Provided material -
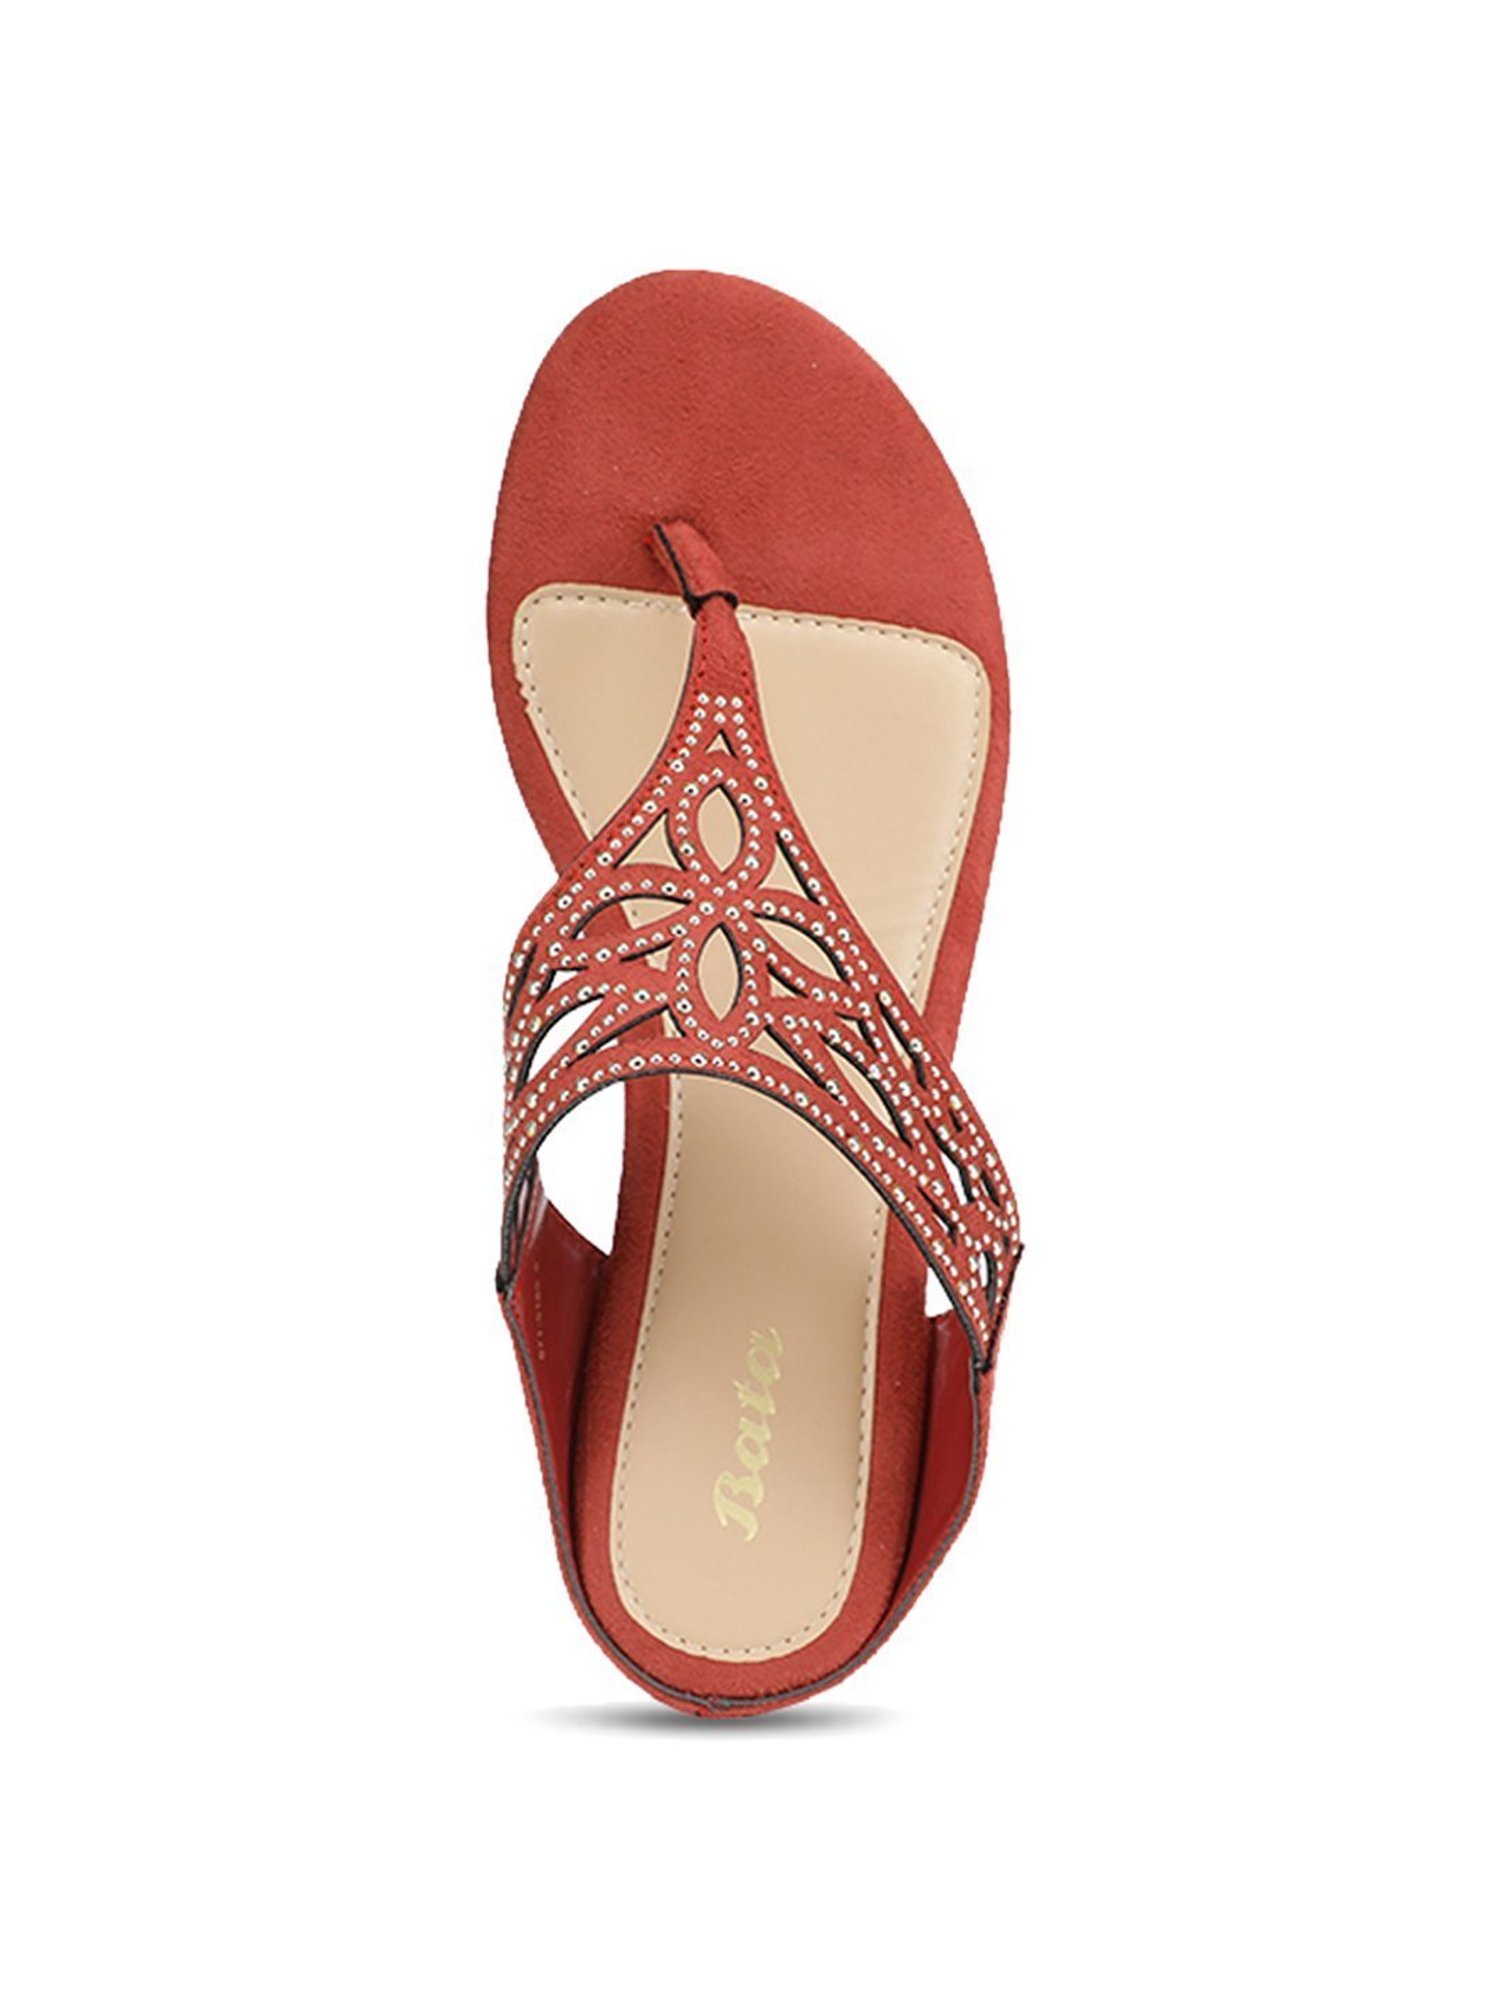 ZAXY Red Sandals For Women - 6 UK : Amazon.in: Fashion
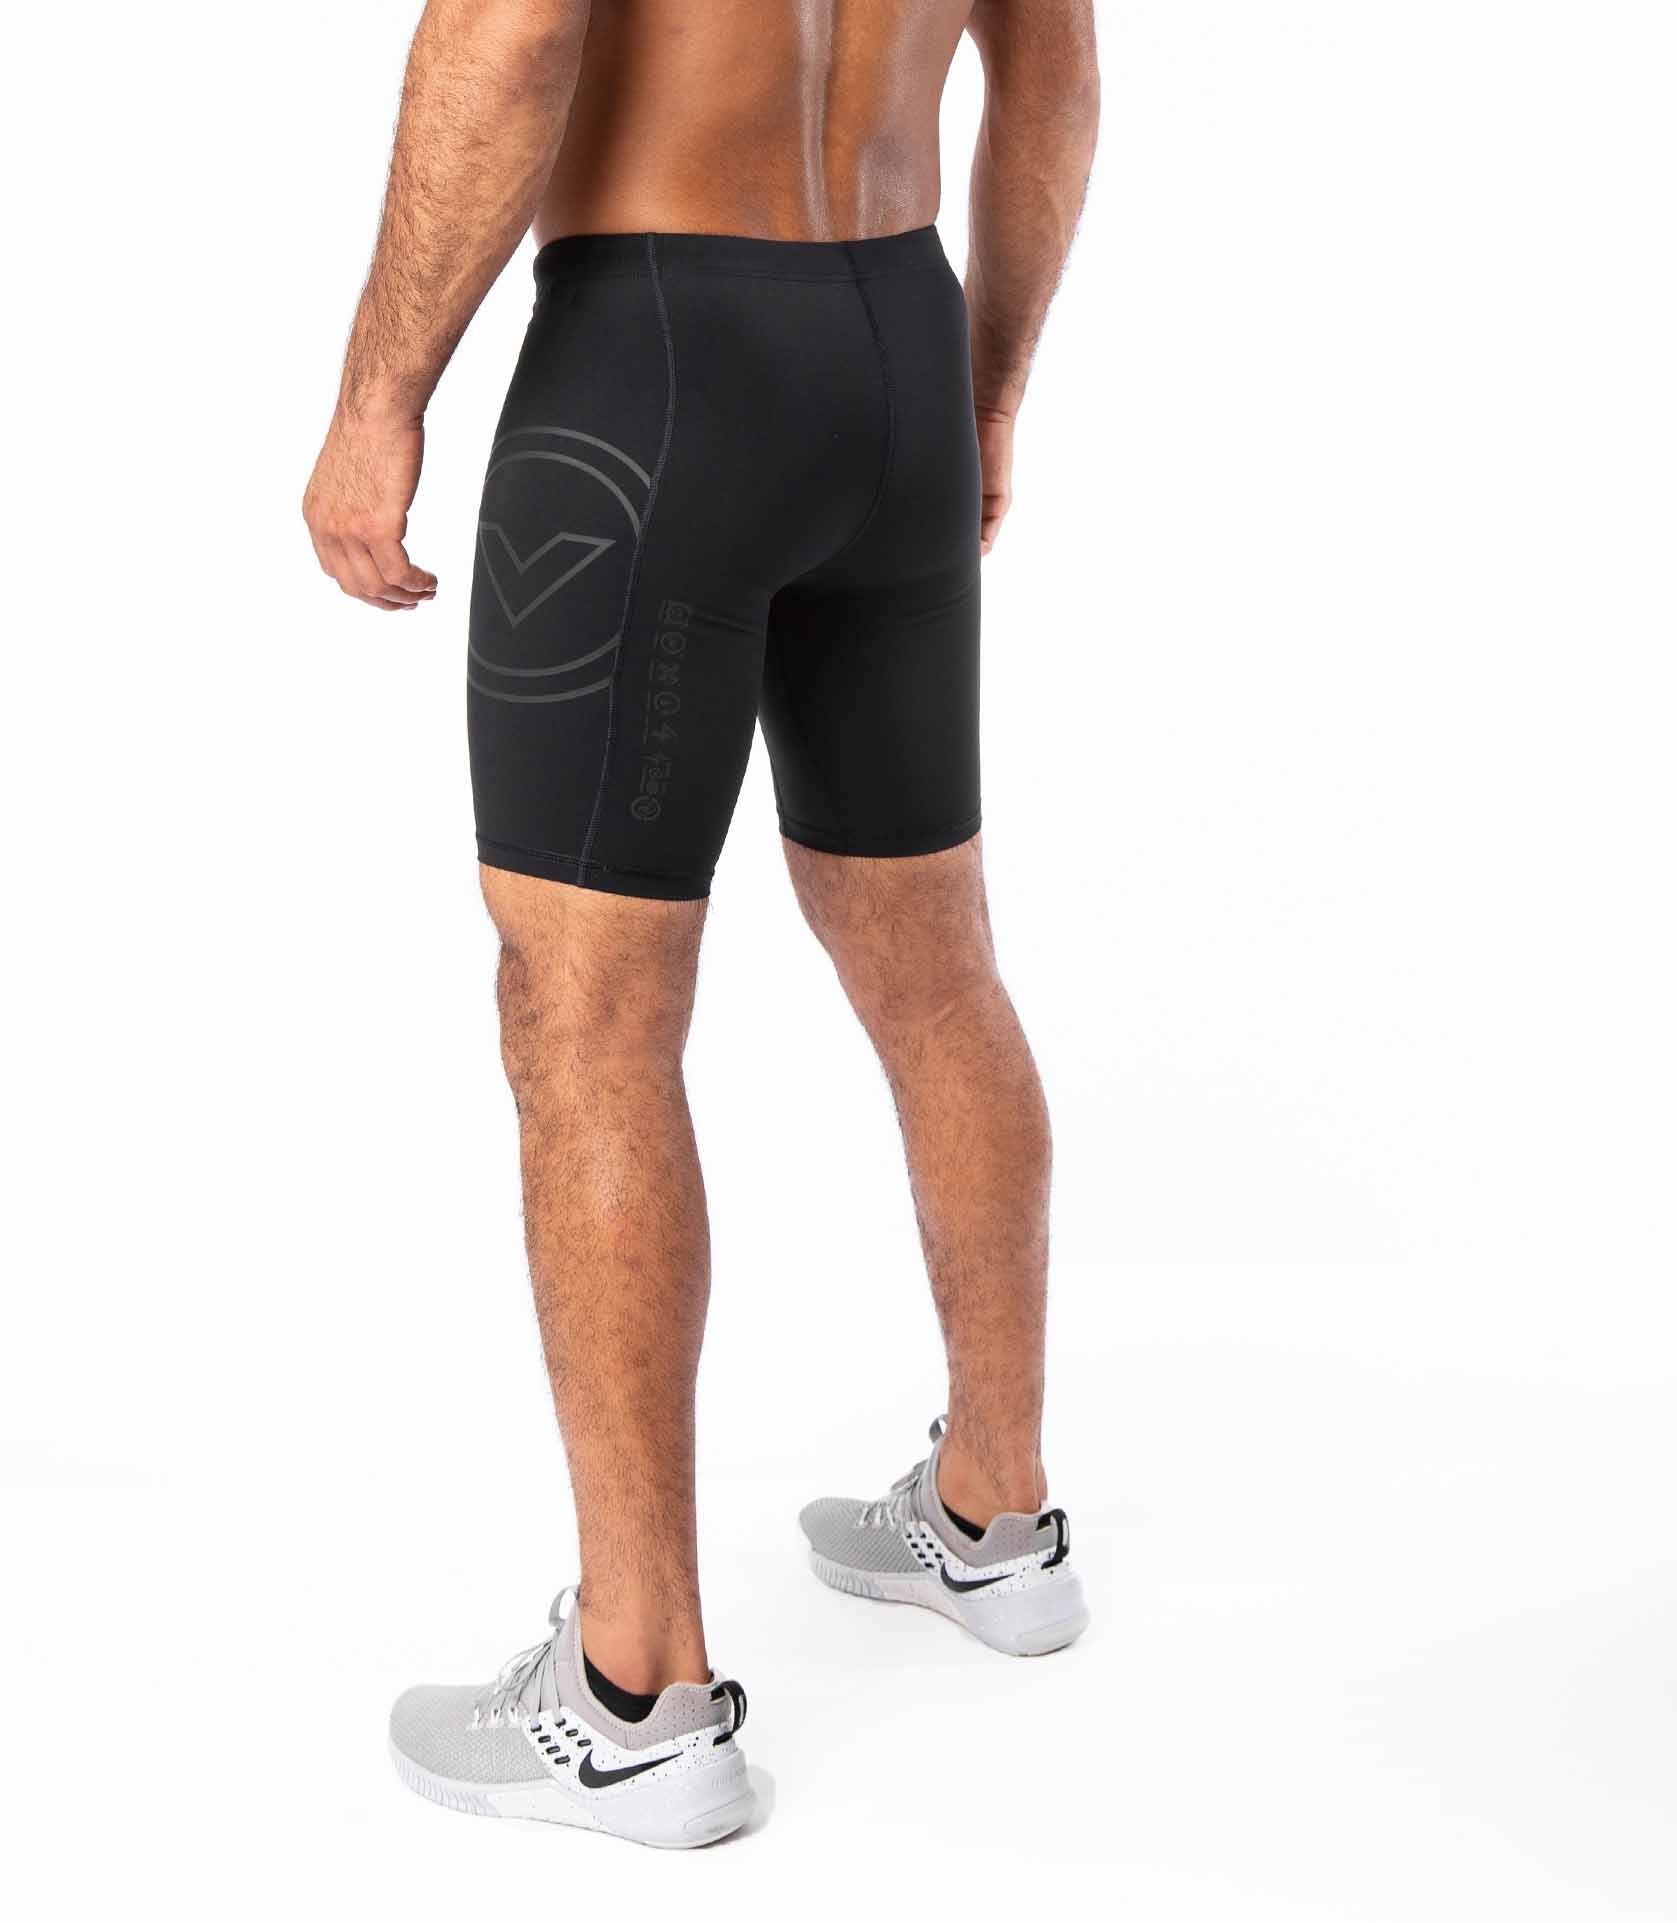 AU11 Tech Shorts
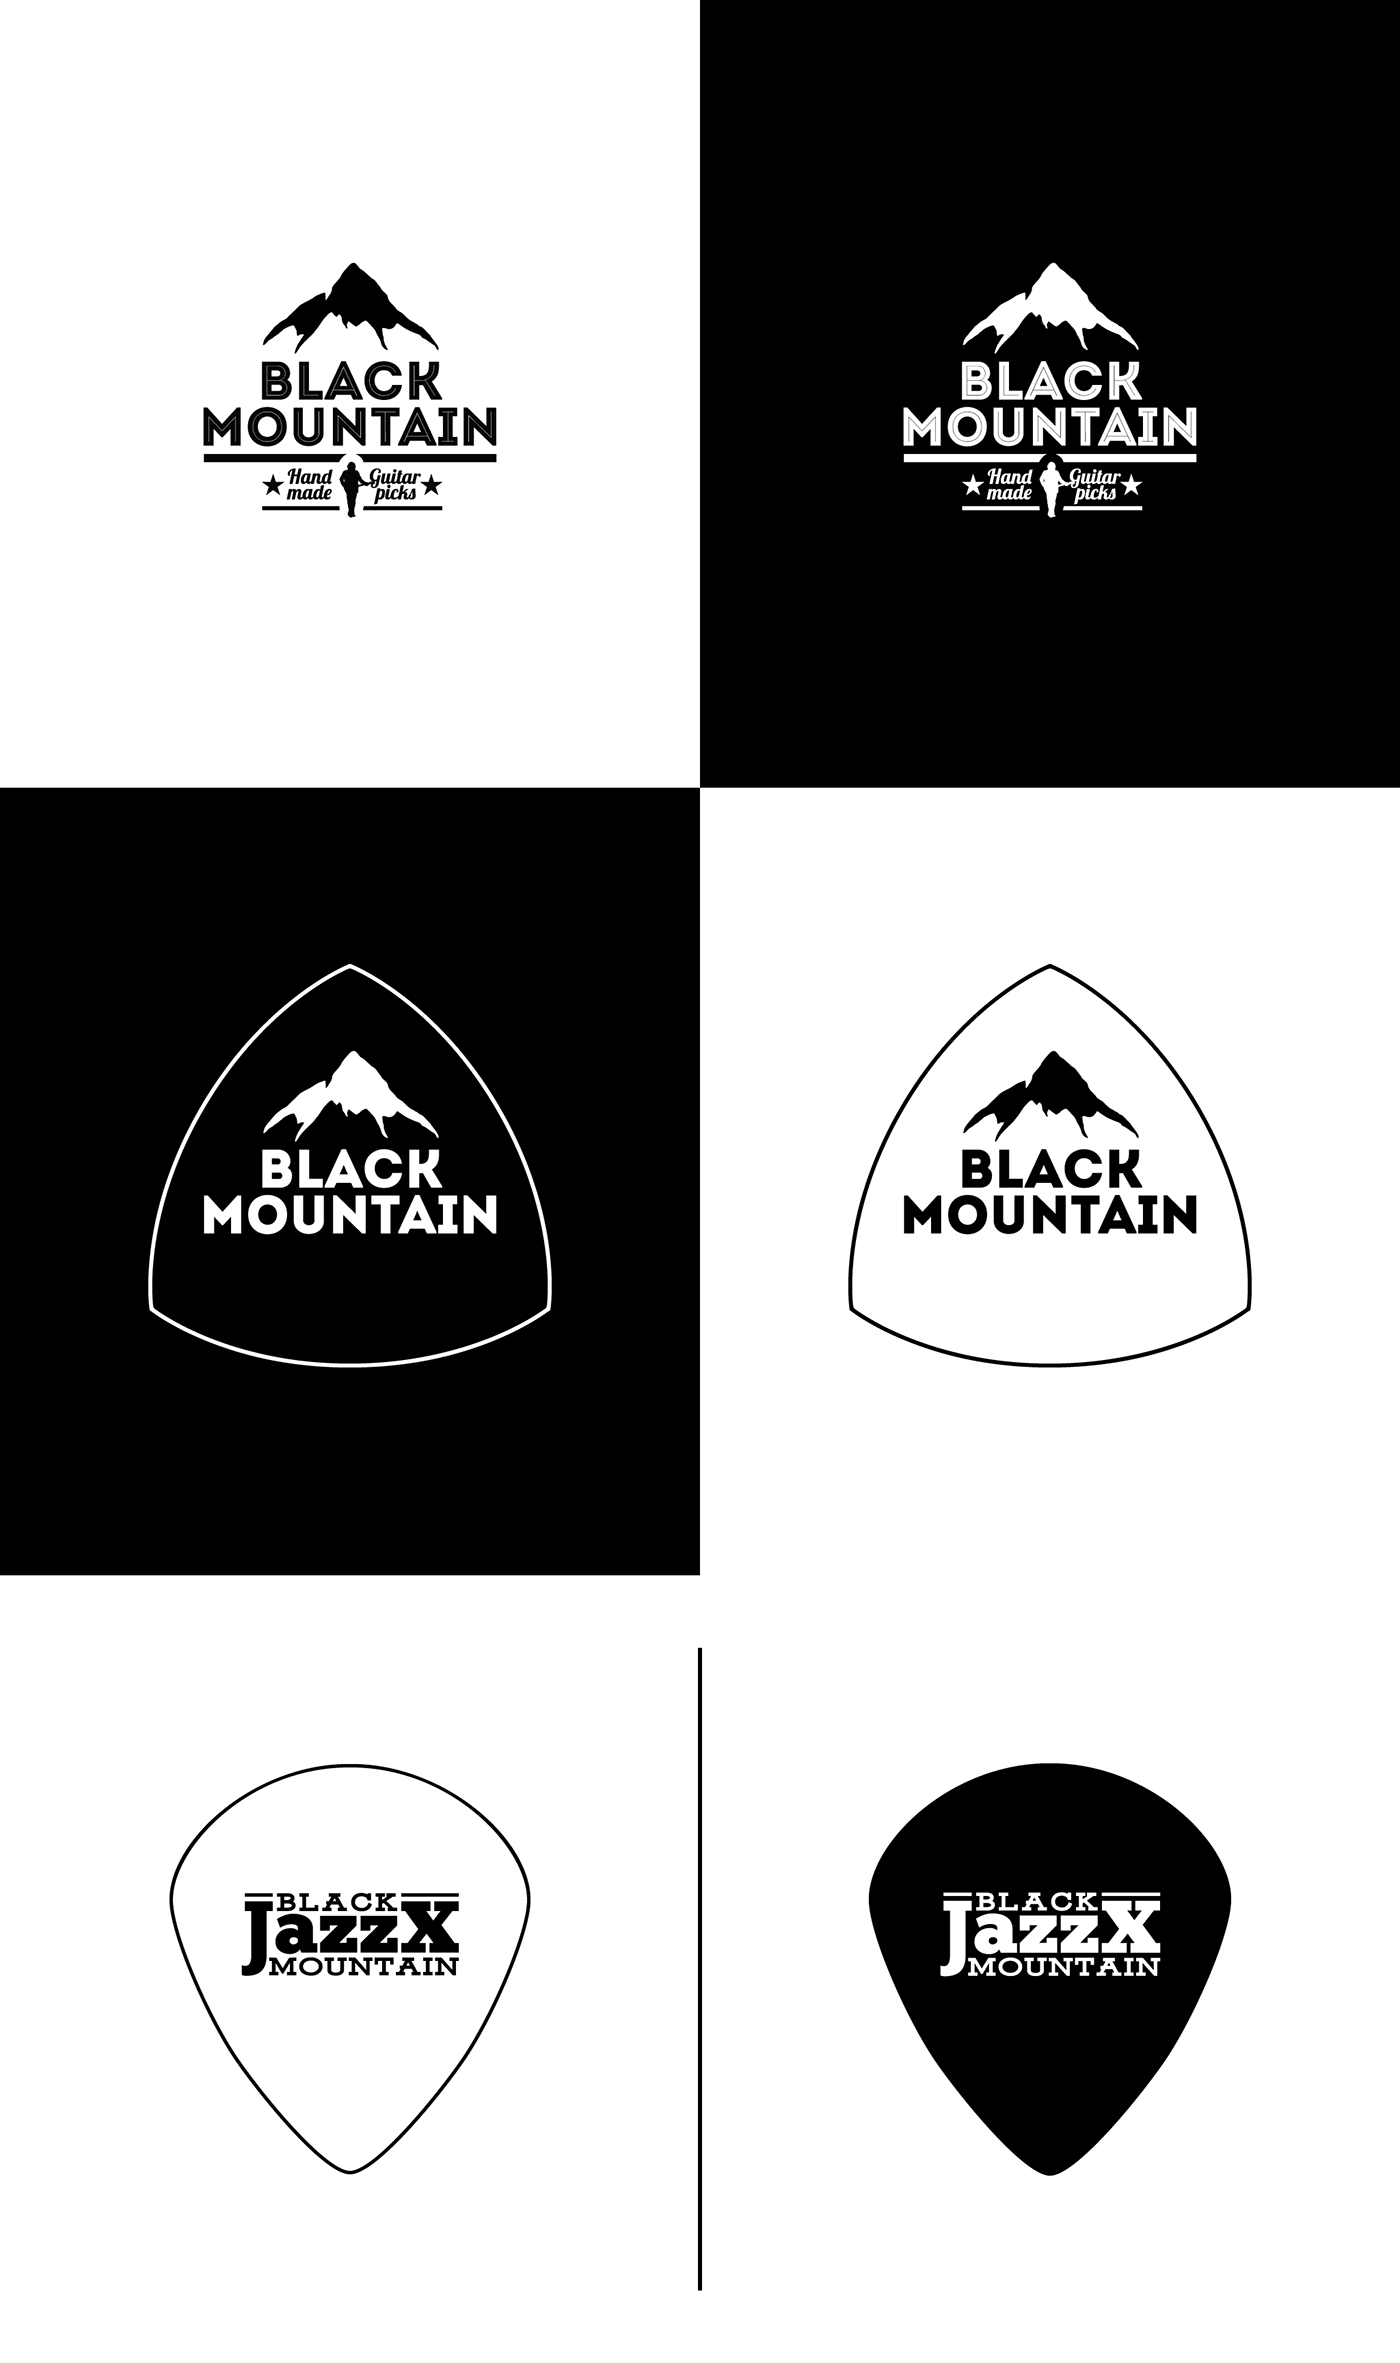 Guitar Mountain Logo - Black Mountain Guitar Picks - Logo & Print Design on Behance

Problem - Write out again, word for word, only the lines from the one with "AU11 Tech Shorts" through the last line of the material, and omit each picture.

Solution to this exercise -
 AU11 Tech Shorts
 Guitar Mountain Logo - Black Mountain Guitar Picks - Logo & Print Design on Behance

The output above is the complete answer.